A new set of Garda allegations - Immediate action is essential

The claim is based on information, given in recent days to Dáil Public Accounts Committee chairman Fianna Fáil's John McGuinness, by garda whistle blower and Traffic Corps officer Sgt Maurice McCabe. They were published by The Sunday Times.
Sgt McCabe insists that that the abuses remain widespread and continue on a "wholesale" basis despite repeated assurances from the highest levels of garda management that the inappropriate practice had ceased. The allegation takes on an even more serious aspect because Sgt McCabe has told Mr McGuinnness that he had made an official report on the ongoing misuse of power but to no avail.
The direct implications are so challenging for Government that they cannot be ignored. Neither can they be long-fingered, an immediate and convincing response is essential.
The very least that should happen is that the appointment of a new commissioner be deferred until after the allegations are assessed. If they are upheld then the case for appointing someone from outside the force becomes almost impossible to dismiss. If they are not then the public can feel comfortable if an insider is appointed.
The latest round of allegations suggest that garda management is incapable of controlling or disciplining the force. It also suggests that what seems a considerable number of officers imagine they can behave with impunity and that the law need not be applied if they feel it an intrusion or inconvenient.

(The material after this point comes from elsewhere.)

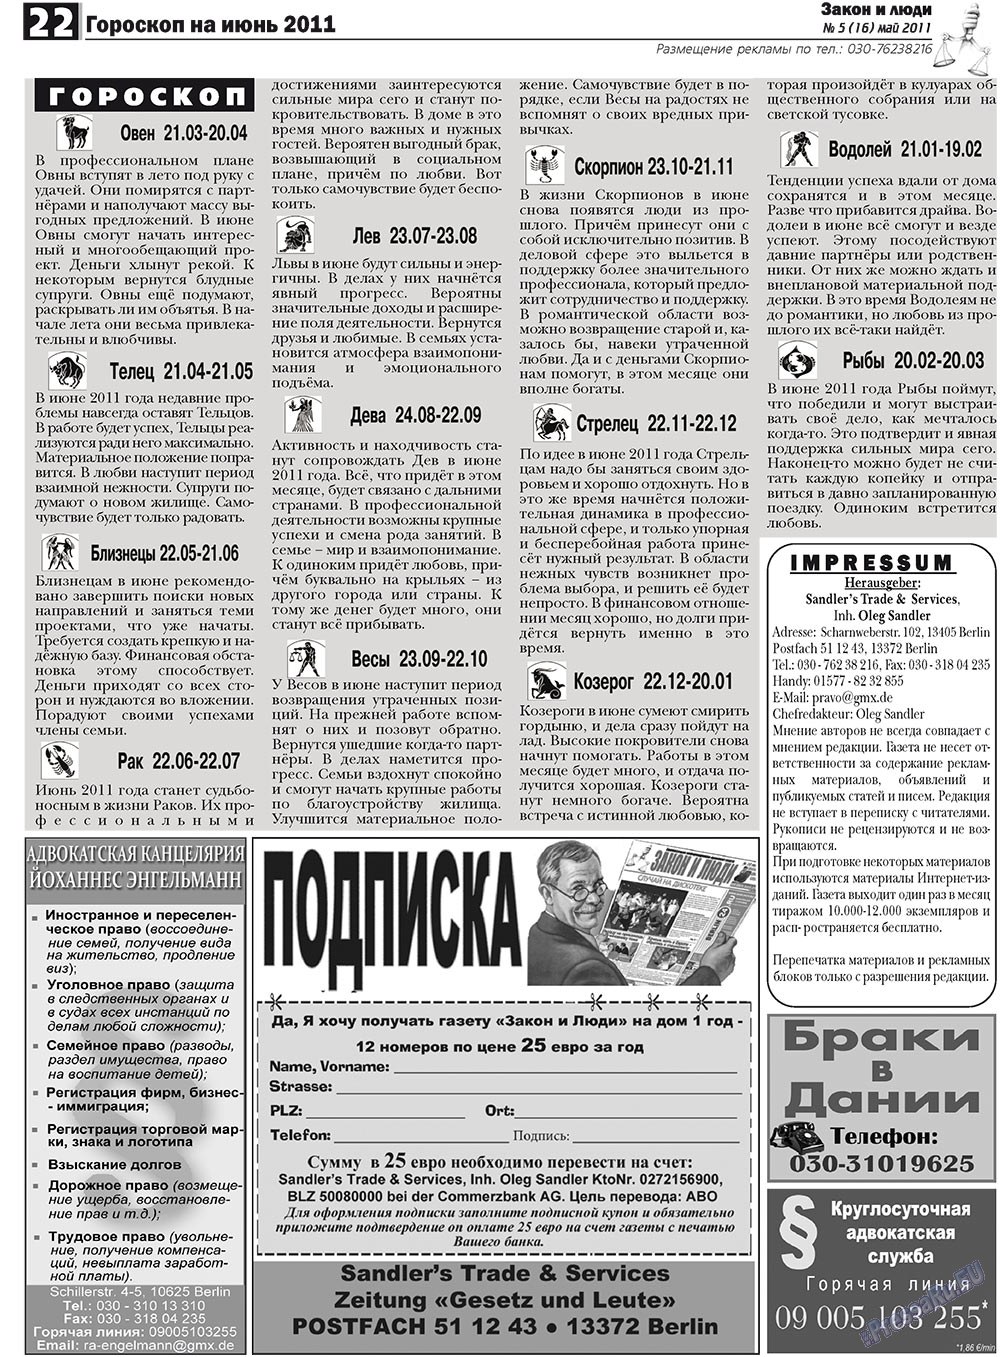 Закон и люди, газета. 2011 №5 стр.22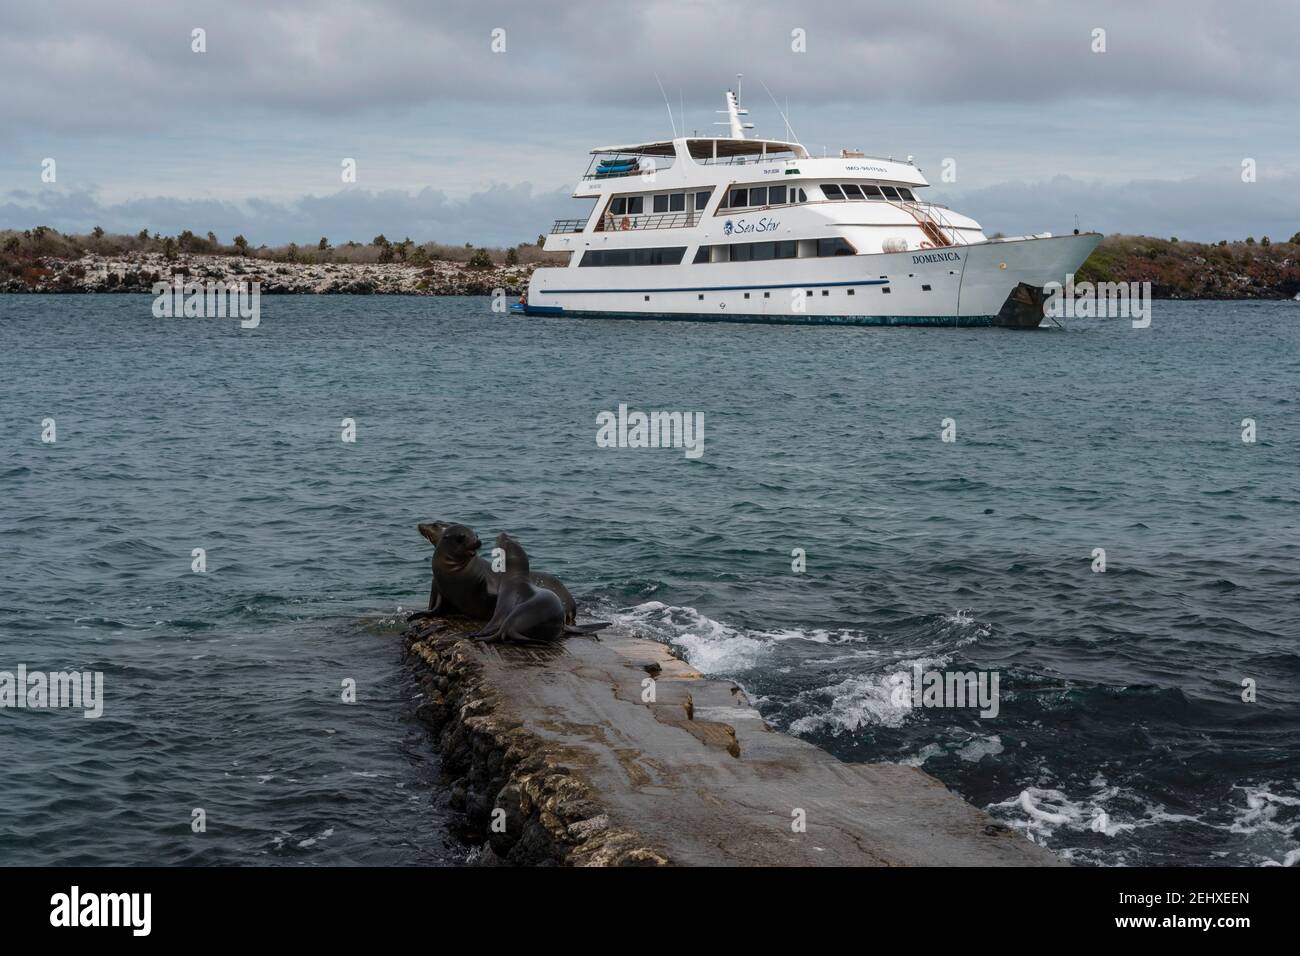 A cruise ship anchored in South Plaza Island, Galapagos islands, Ecuador. Stock Photo

These are the characteristics of a bent police force let loose in a banana republic.
That these startling allegations come fast on the heels of the opening round of a scandal linked to the resignation of former Minister for Justice Alan Shatter, the resignation, though the widespread belief is that he was fired, of Garda Commissioner Martin Callinan and the removal of the Garda Confidential Recipient Oliver Connolly from office puts the scale of the issues in play in an alarm-bell perspective.
It should be remembered that Sgt McCabe's first round of allegations about traffic points legislation being abused were ignored, dismissed as fantasy and, in testimony given to a Dáil Committee by then Garda Commissioner Martin Callinan, described as "disgusting". But most importantly it must be remembered that his allegations were upheld by the Guerin report which was published in May. That vindication gives the weight to Sgt McCabe's latest allegations which undermines further the credibility of An Garda Siochana.
We, and it must be assumed and hoped, that the great majority of gardaí cannot afford or tolerate this malpractice and its consequences. Neither can the damage the claims do to the essential relationship between police and citizens be tolerated. An unambiguous and early statement for the garda representative organisations is essential. one that reassures the public that the malpractice described by Sgt McCabe will neither be tolerated or defended by those organisations.